# Data Preparation and Transforming

#### Experimenting with data preparation for dealing with multi-dimensional data

Links:
- [Essential Commands for Data Preparation with `Pandas`](https://towardsdatascience.com/essential-commands-for-data-preparation-with-pandas-ed01579cf214)

Experimenting with some data preparation to squash daily data down to weekly data. Weekly data may work better for the (S)ARIMA(X) model (**notebook**: [SARIMAX Model](SARIMAX%20Model.ipynb)) since it'll be less volatile/granular.

In [None]:
from dotenv import load_dotenv
import os

import pandas as pd
import matplotlib.pyplot as plt

load_dotenv()
DATASET_PATH = os.environ.get("DATASET_PATH")
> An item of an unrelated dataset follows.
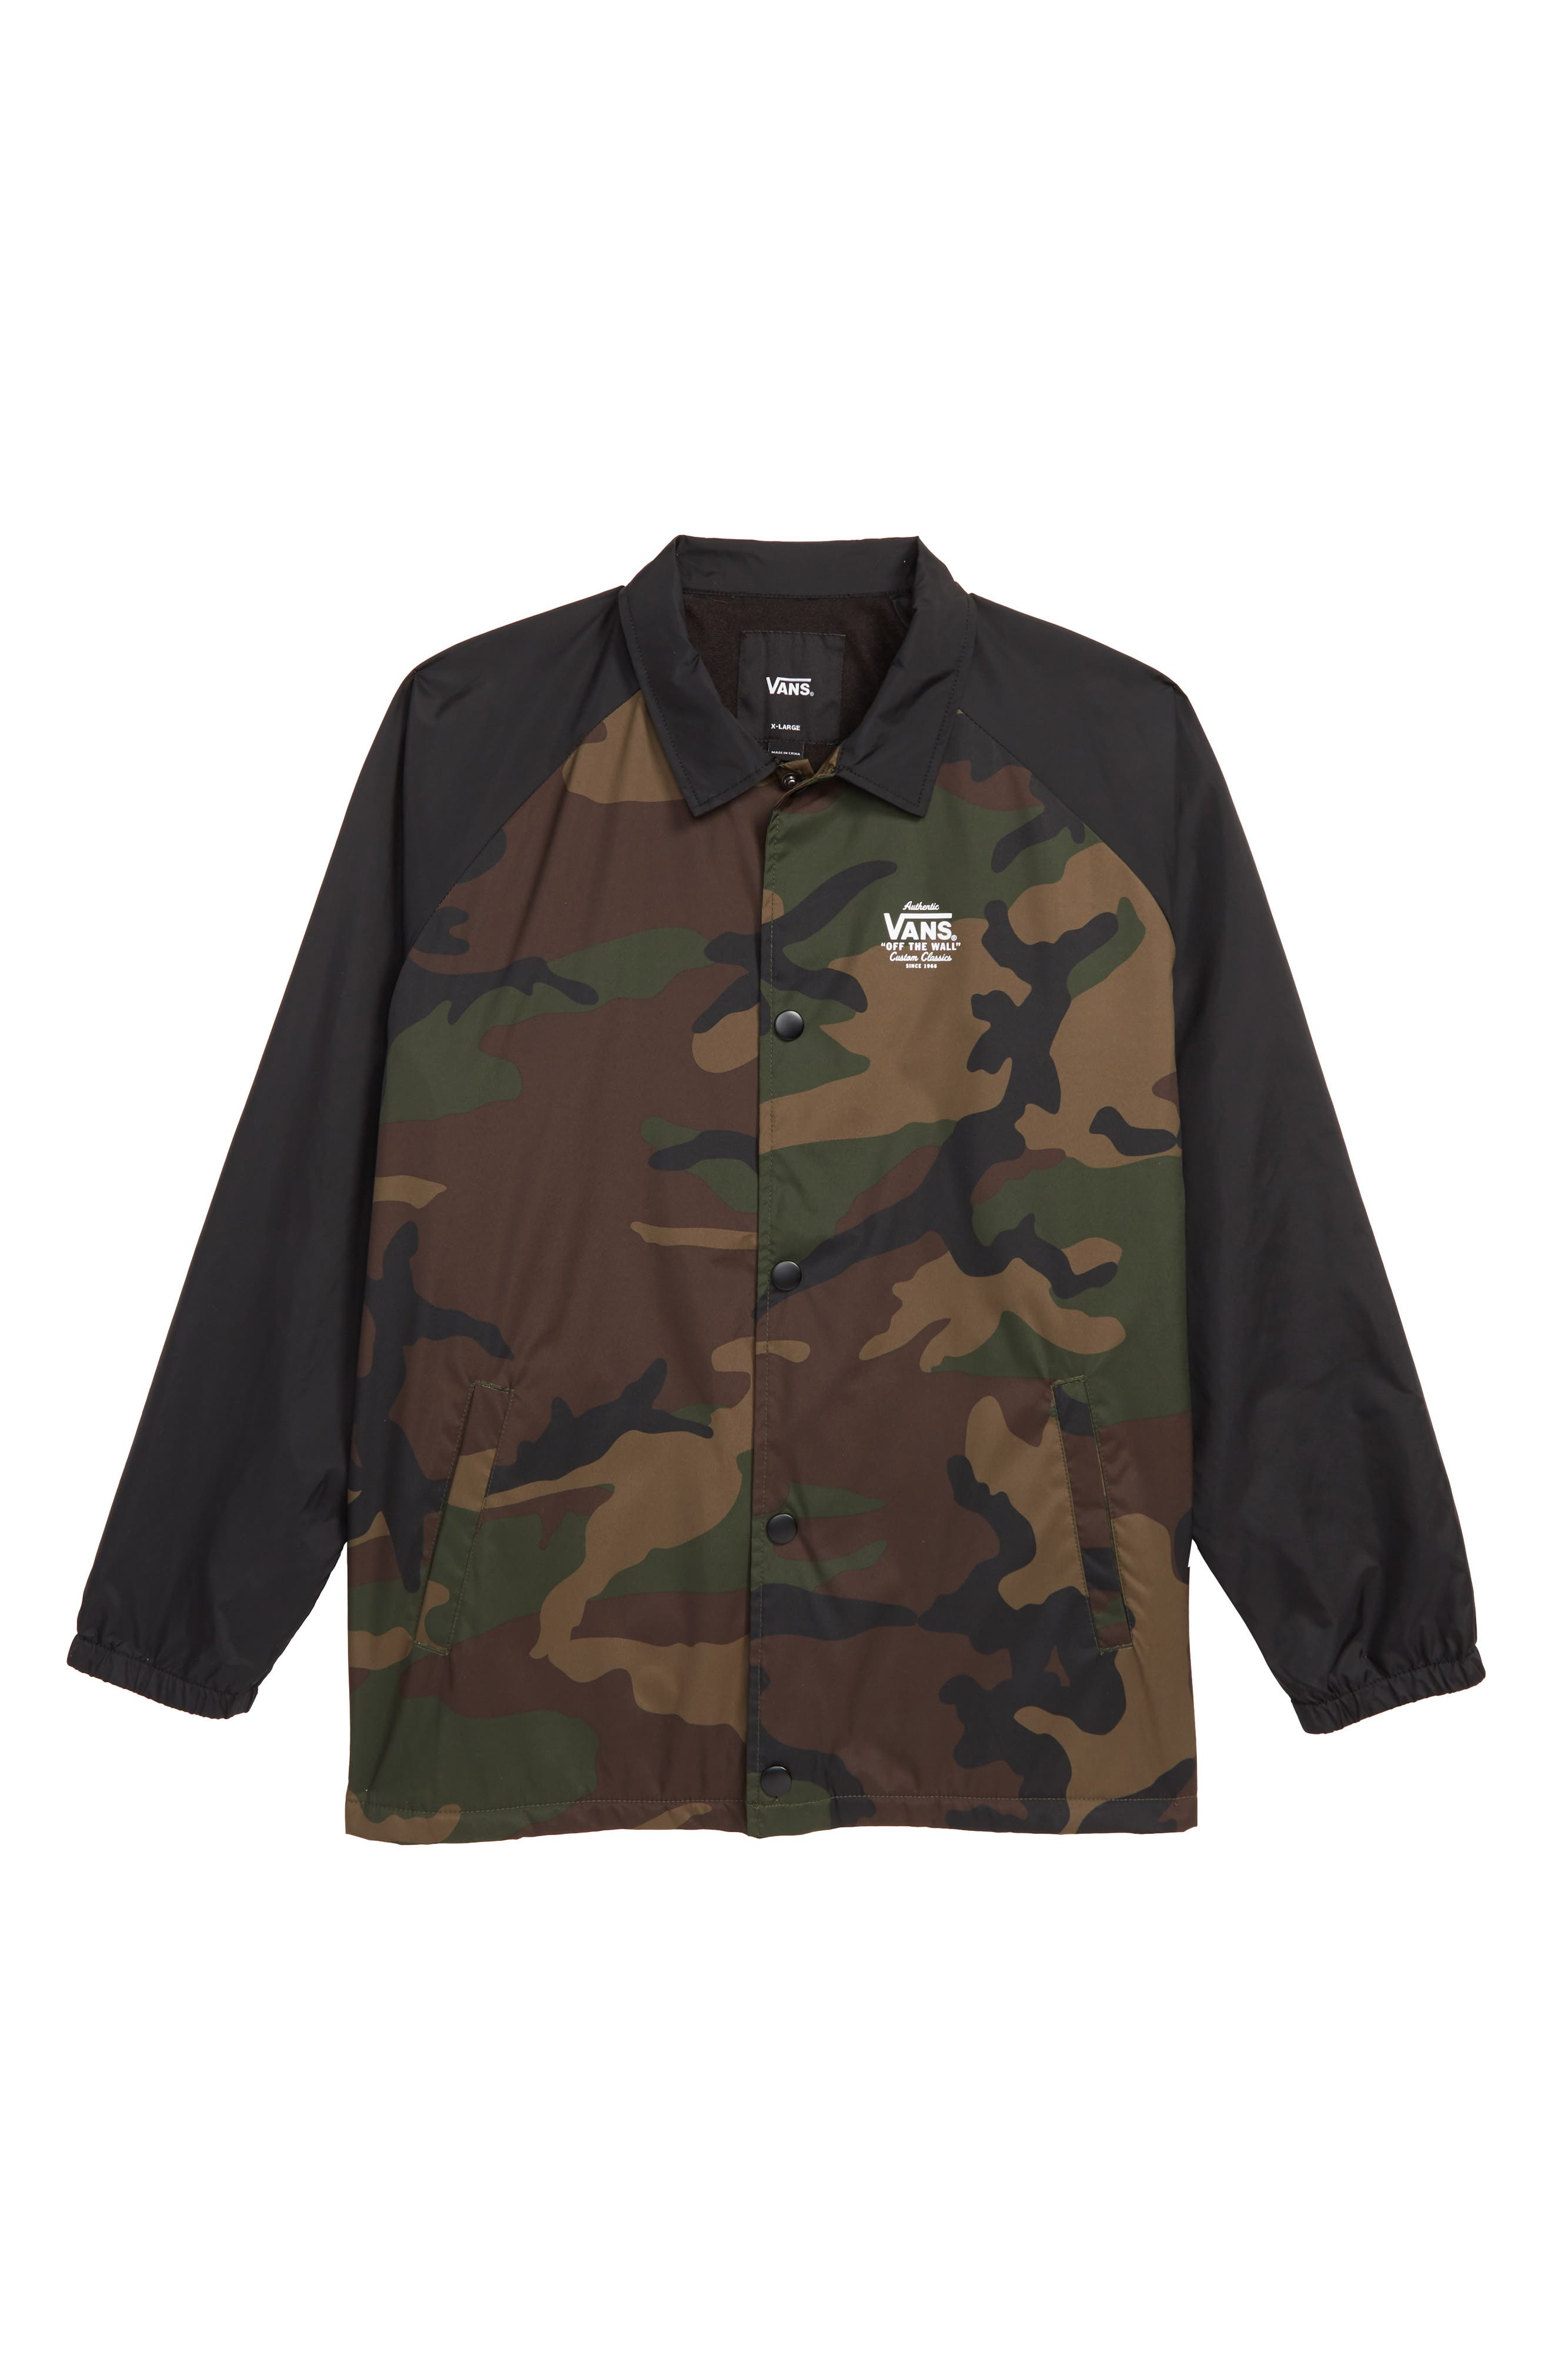 VANS,                             Torrey Water Resistant Jacket,                             Main thumbnail 1, color,                             OVERSIZED WOODLAND CAMO/ BLACK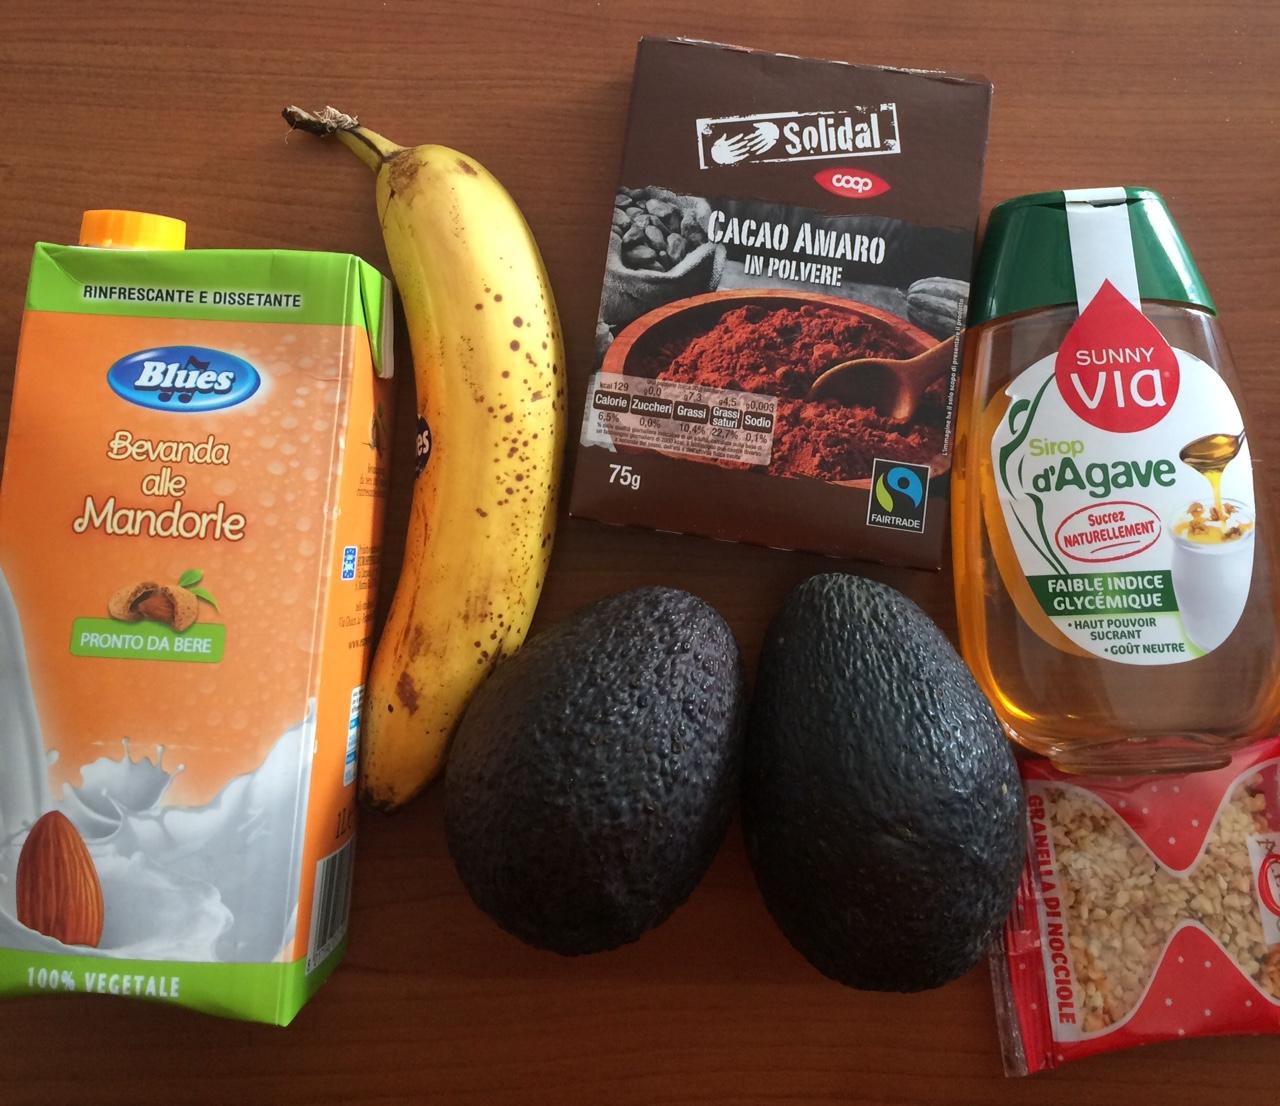 ricettevegan.org - mousse di avocado e cacao - ingredienti

df_main = pd.read_excel(DATASET_PATH + "Conversion by Day (single dimension).xlsx")
df = df_main.loc[df_main.iloc[:, 0] == "WA"]  # pick WA as an example
# resample the daily data as weekly data
weekly_data = df.resample(
        "W",
        label="right",
        closed="right",
        on="QUOTE_DATE"
    ).sum().reset_index().sort_values(by="QUOTE_DATE")
display(weekly_data)
# create a new column to store conversion rate; display data
weekly_data["Net Closing Rate"] = weekly_data["Day 1 Sales Volume"] / weekly_data["Number of New Business Quotes"]
# display data and plot it
weekly_data.head()
plt.plot(weekly_data["Net Closing Rate"]);

Experimenting with multi-dimensional data:

In [None]:
df_main = pd.read_excel(DATASET_PATH + "Conversion by Day (multi dimension).xlsx")
df_main.head()

Merge down to the STATE_CODE dimension:

In [None]:
# filter all other rows out
df = df_main[["QUOTE_DATE", "STATE_CODE", "QUOTE_COUNT", "SALES_COUNT"]]
df = df_main.groupby(["QUOTE_DATE", "STATE_CODE"]).aggregate({
    "QUOTE_COUNT": "sum",
    "SALES_COUNT": "sum",
}).sort_values(["STATE_CODE", "QUOTE_DATE"]).reset_index()
df.insert(2, "CONVERSION_RATE", df["SALES_COUNT"] / df["QUOTE_COUNT"])
df.head()

Merge down to the VEHICLE_KMS dimension:

In [None]:
df = df_main[["QUOTE_DATE", "VEHICLE_KMS", "QUOTE_COUNT", "SALES_COUNT"]]
df = df_main.groupby(["QUOTE_DATE", "VEHICLE_KMS"]).aggregate({
    "QUOTE_COUNT": "sum",
    "SALES_COUNT": "sum",
}).sort_values(["VEHICLE_KMS", "QUOTE_DATE"]).reset_index()
df.insert(2, "CONVERSION_RATE", df["SALES_COUNT"] / df["QUOTE_COUNT"])
df.head()